I am wondering why the unshift method and the push method don't add multiple entries in the opposite order. In the video for Adding Data to Arrays the example pushed 'Respect' and 'Imagine' to the end of the list array and unshifted 'Louie Louie' and 'Maybellene' to the front. For the push method they were added in order, 'Respect' first and then 'Imagine', which makes sense if the code runs in order. But the unshift method also added it's items in order, which confuses me because if the code runs in order than it should add it's first argument to the front of the list array and then the second argument would be added in front again so that the order of arguments would be reversed upon output. It doesn't do this though and I'm wondering why.

2 Answers

Sean T. Unwin
Sean T. Unwin
28,690 Points

Think of the contents between the brackets as a package -- it is a single item or container, but there can be multiple other items within that container.

Each time unshift() is called, whatever is inside the brackets is a package containing one or many items to be added to the beginning of another package - the existing Array. The order remains the same as it was given.

Another way to think of it is as a series of trains, with a train being a package of rail cars, entering a tunnel and then emerging as a single train. Each time unshift() is called it's adds a different train to the front of an existing one.


  • Let's say we have two trains, one at each end of a tunnel.
  • The trains are facing the same direction -- the engines both point West.
  • The train on the East side enters first. This is the primary train that others will attach to.
  • The train on the West enters next by backing into the tunnel (they are facing the same direction, remember).
  • Inside the tunnel the two trains connect -- the West train's caboose connects to the East train's engine.
  • When they emerge from the tunnel out from the West side, the cars of the second train (the one which entered in reverse) exits first, but it doesn't come out caboose first -- the order is the same as it was when it entered.
  • Since both trains connected inside the tunnel and have now exited, we don't have two trains anymore. Now we have one long train.

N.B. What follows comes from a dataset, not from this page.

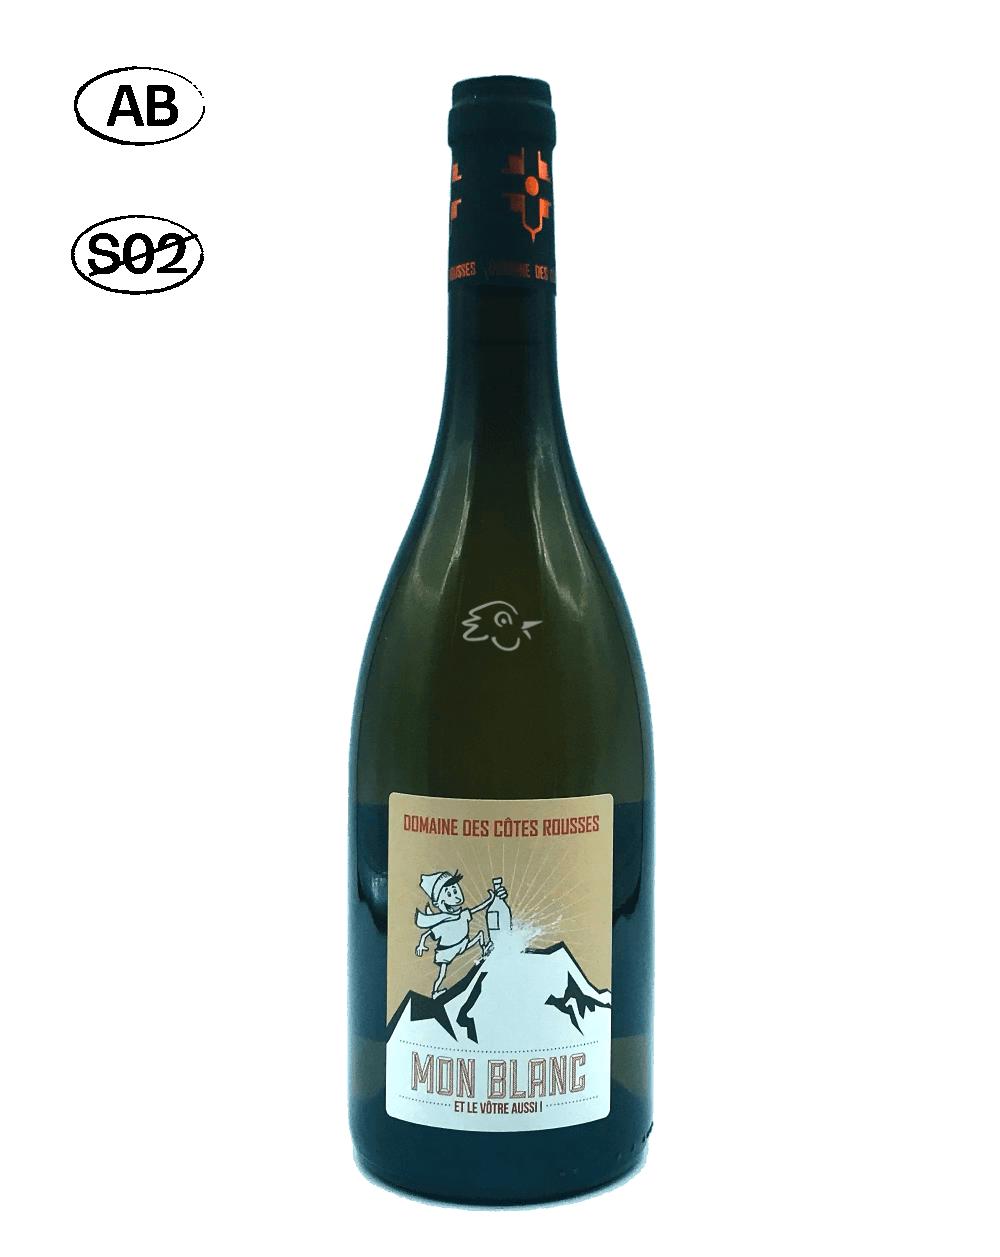 Domaine des Côtes Rousses - Mon Blanc 2019 - Avintures

So when Dave McFarland uses playlist.unshift('Louie Louie', 'Mabellene'); those two items are part of a single package (a list of one or more songs) being passed to the playlist Array. In other words, unshift() is taking a list of songs and adding them, in the same order given, to the beginning of the playlist to make a longer list.

This means that an Array could be considered a West-facing train and unshift() is a way to connect one train to another (whether that new train has one car, an engine I suppose, or many cars) in such a way that the latest train connected is now the front of the existing, but now longer train.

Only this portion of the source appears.